The project, begun in 2008, originally included Palestinians from the West Bank and Gaza Strip as well. But failed peace initiatives and three Israel-Gaza conflicts eventually led all of them to withdraw. However, the inclusion of Palestinians living within Israel still marks a significant accomplishment, especially given the heightened tensions during last summer's Gaza war.
While Arabic literature has been translated into Hebrew before, and vice versa, those translations have focused on established authors. "Two" aims to bring together a younger generation of poets and fiction writers who are unfamiliar to readers of the other language.

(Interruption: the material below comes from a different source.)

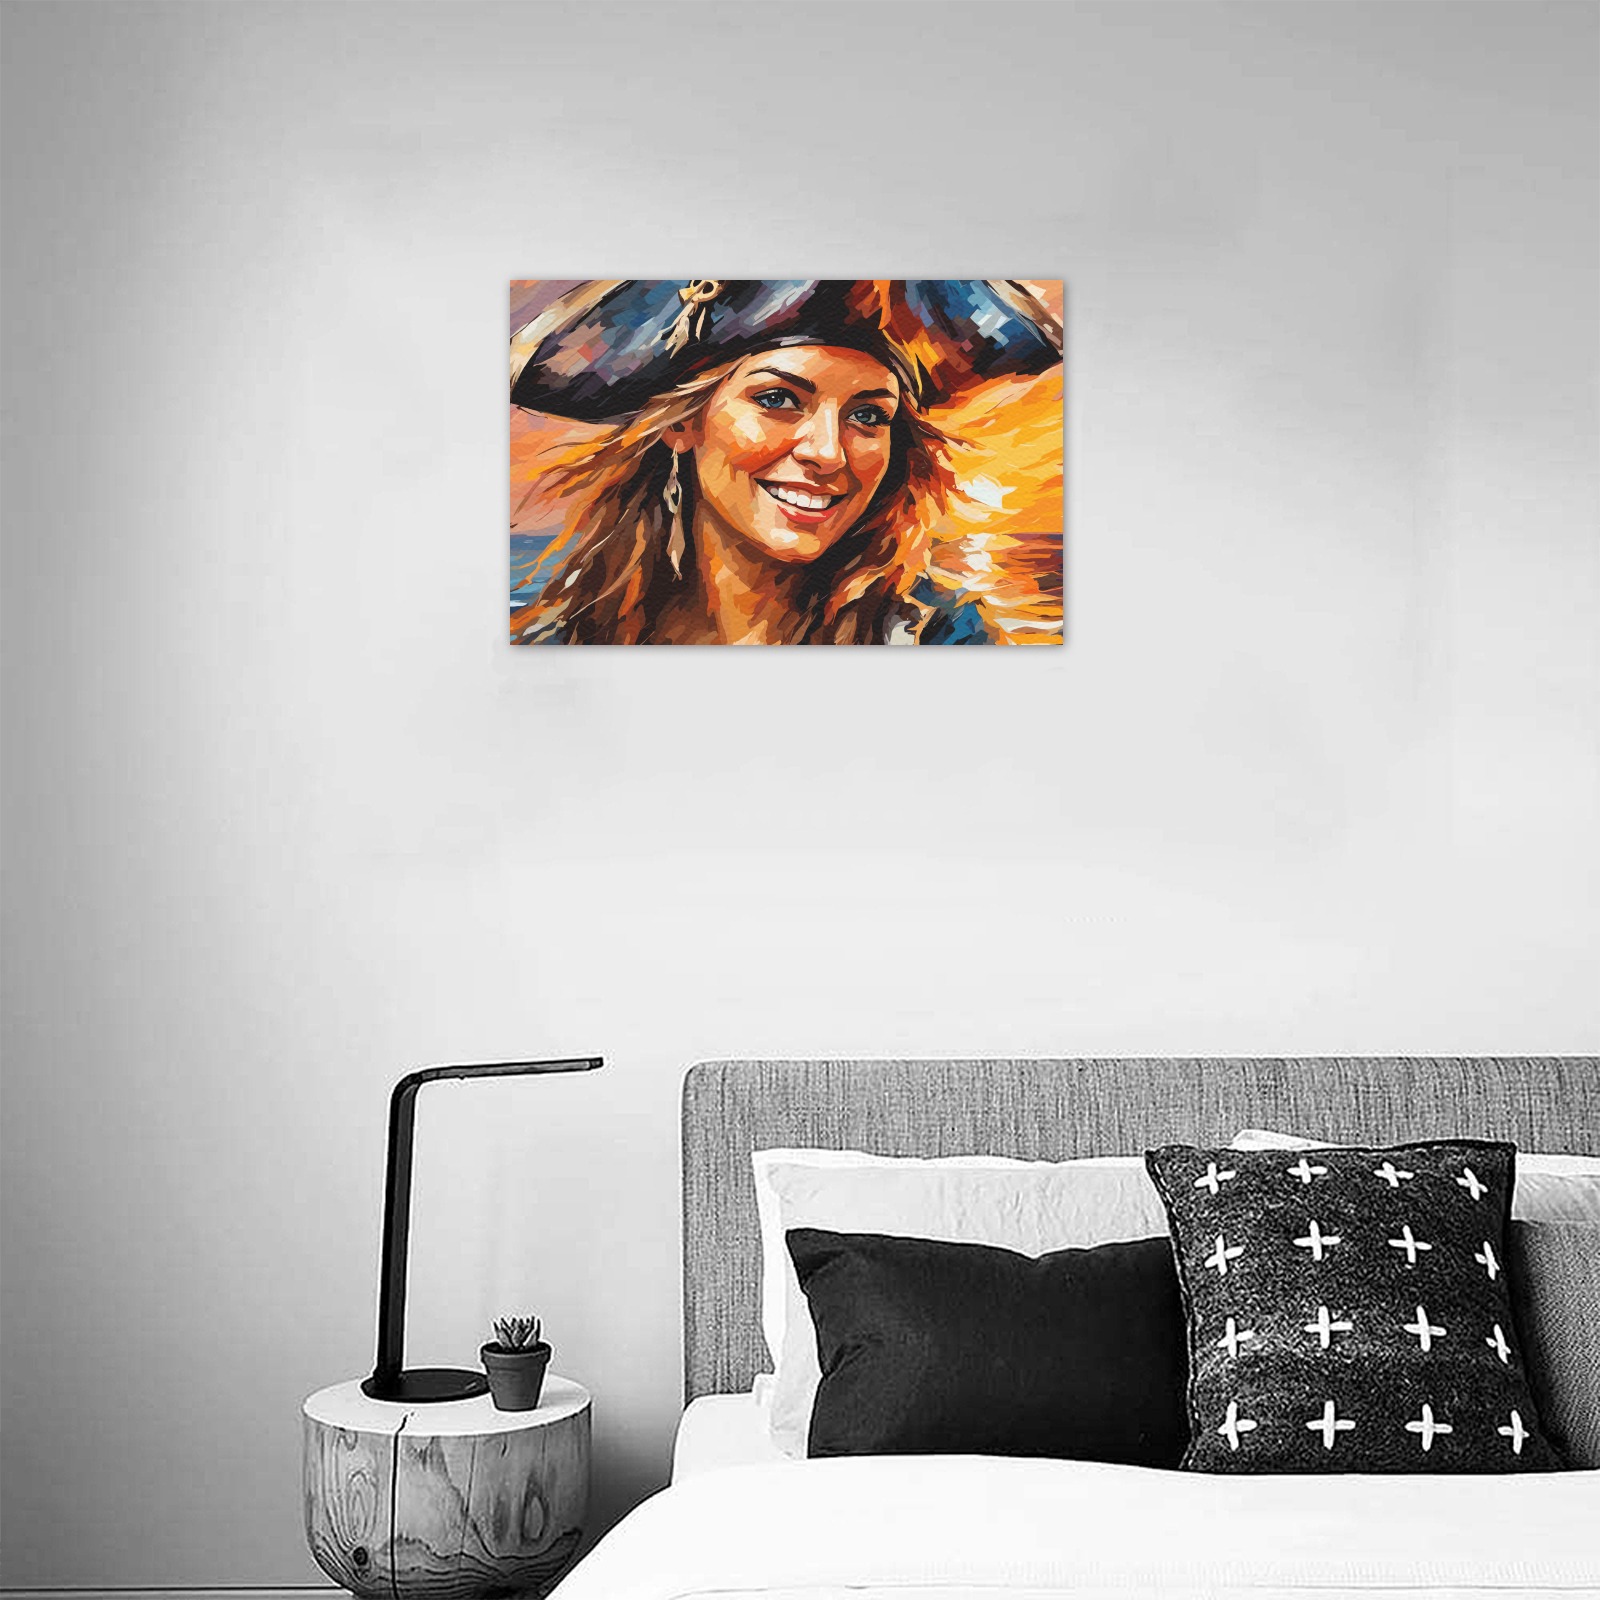 Striking smiling pirate lady at colorful sunset. Upgraded Canvas Print 18"x12"

The 70+ poems and short stories included in the collection all appear twice, in the original and in Hebrew or Arabic translation.
Hebrew and Arabic share common linguistic roots and a long history of literary interaction, but in Israel today Hebrew and Arabic readers are largely unfamiliar with each other's language and literature.
"The community of writers in Hebrew and writers in Arabic live in parallel and publish in parallel, and they hardly meet," says Almog Behar, an Israeli novelist and poet and one of the book's editors, along with Tamer Massalha and Tamar Weiss-Gabbay.
Given the difficult state of Israeli-Palestinian relations currently, Dr. Behar claims for the anthology a modest, if hopeful goal.
"We don't have any utopian idea that we're creating a shared literary community," he said. Rather, the collection can be "a kind of introduction that can generate further influences and connections."